EXERCISE OBJECTIVE: Pictures aside, the data must be reproduced exactly.

PROVIDED MATERIAL:

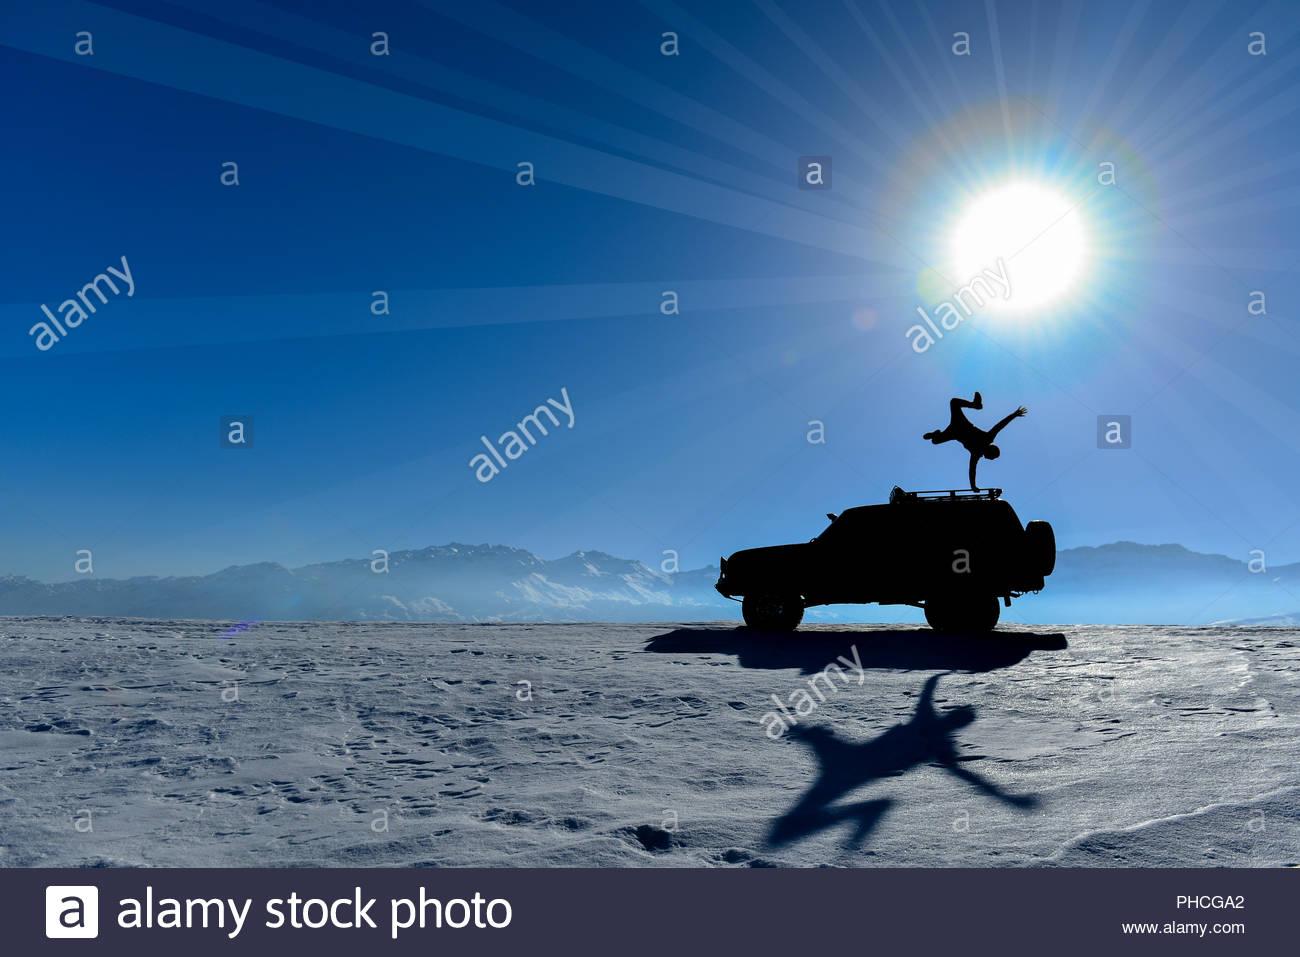 Potencia, equilibrio y motivación Imagen De Stock
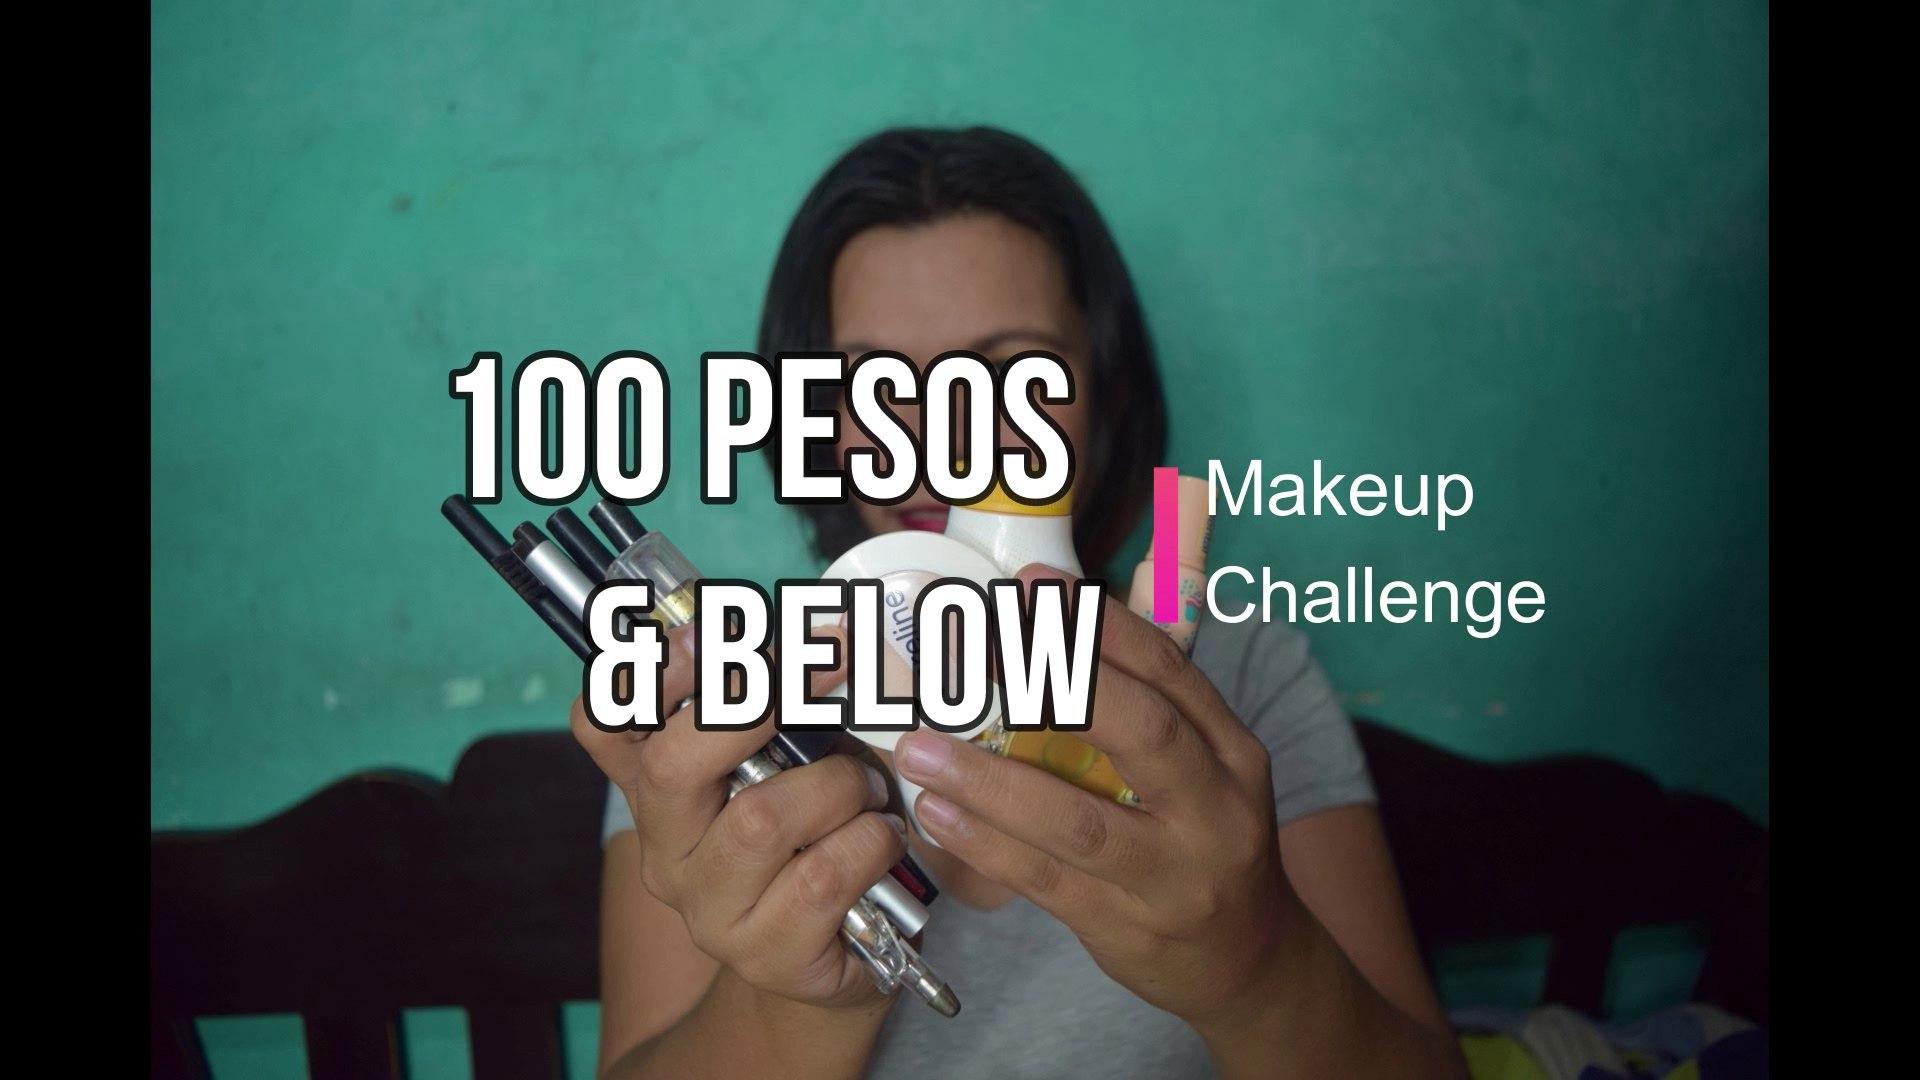 100 Pesos & below Makeup Challenge   Makeup Video   Anna Flores   Philippines
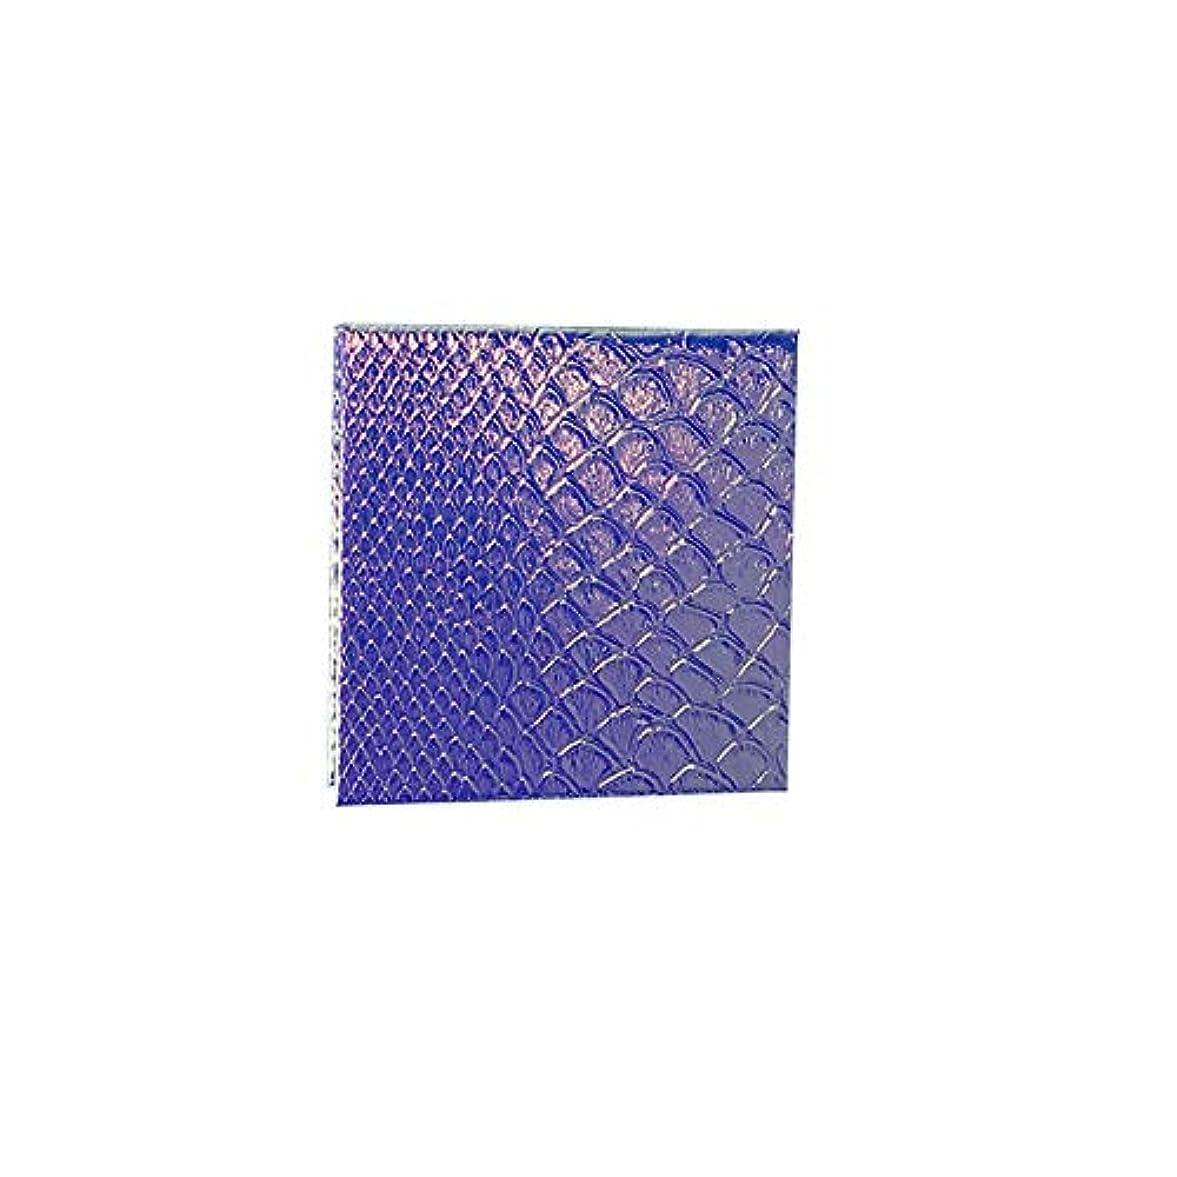 ポップ星数学的な空の化粧アイシャドーパレット磁気空パレット接着剤空のパレット金属ステッカー空のパレットキット(S)
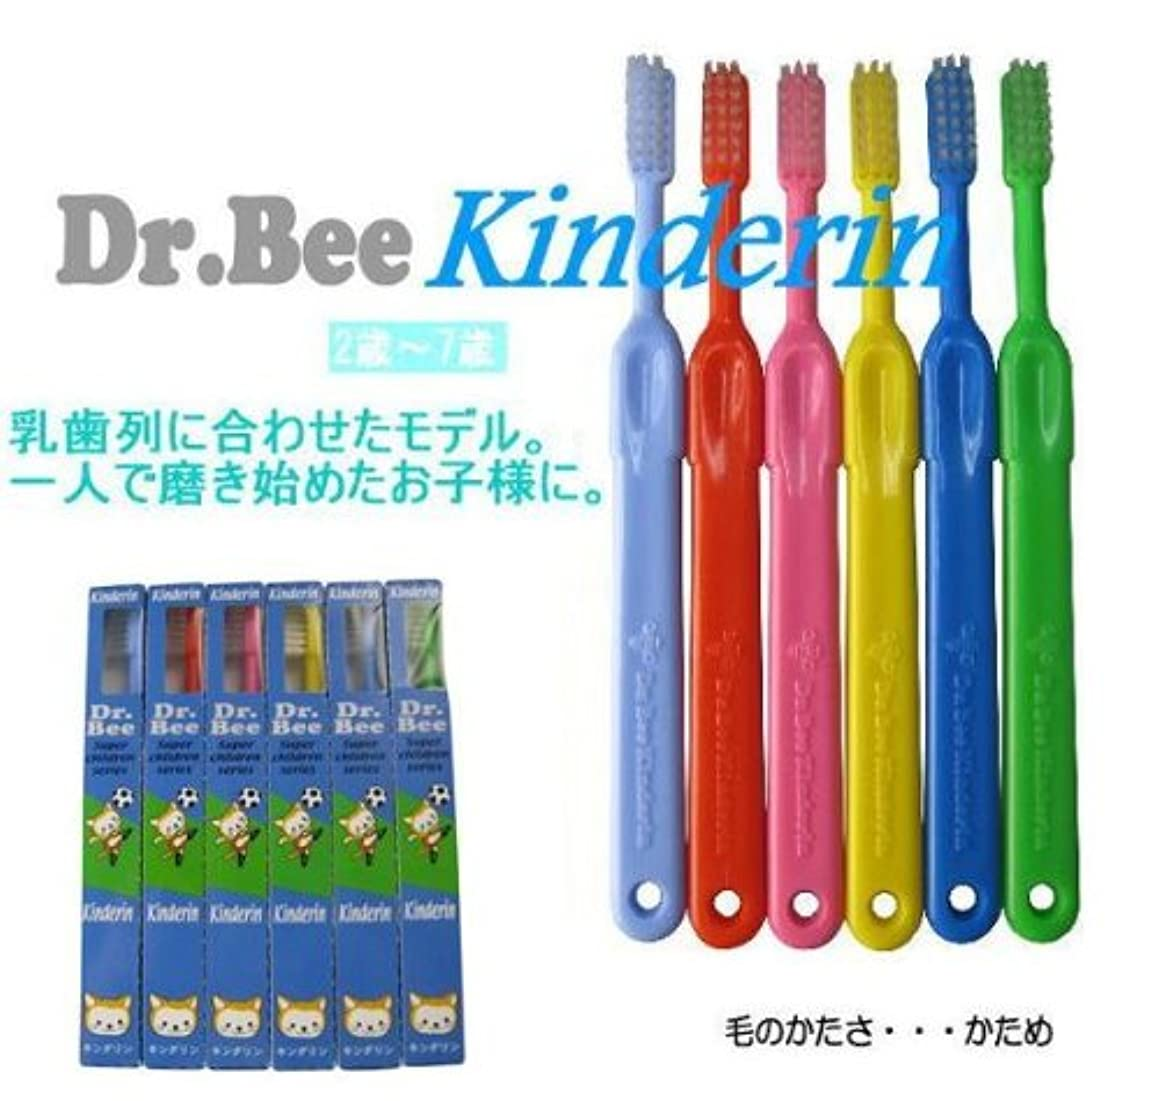 以下くさび破壊的BeeBrand Dr.BEE 歯ブラシ キンダリン かため

ANSWER TO THE EXERCISE:
 Potencia, equilibrio y motivación Imagen De Stock
 100 Pesos & below Makeup Challenge   Makeup Video   Anna Flores   Philippines
 ポップ星数学的な空の化粧アイシャドーパレット磁気空パレット接着剤空のパレット金属ステッカー空のパレットキット(S)
 以下くさび破壊的BeeBrand Dr.BEE 歯ブラシ キンダリン かため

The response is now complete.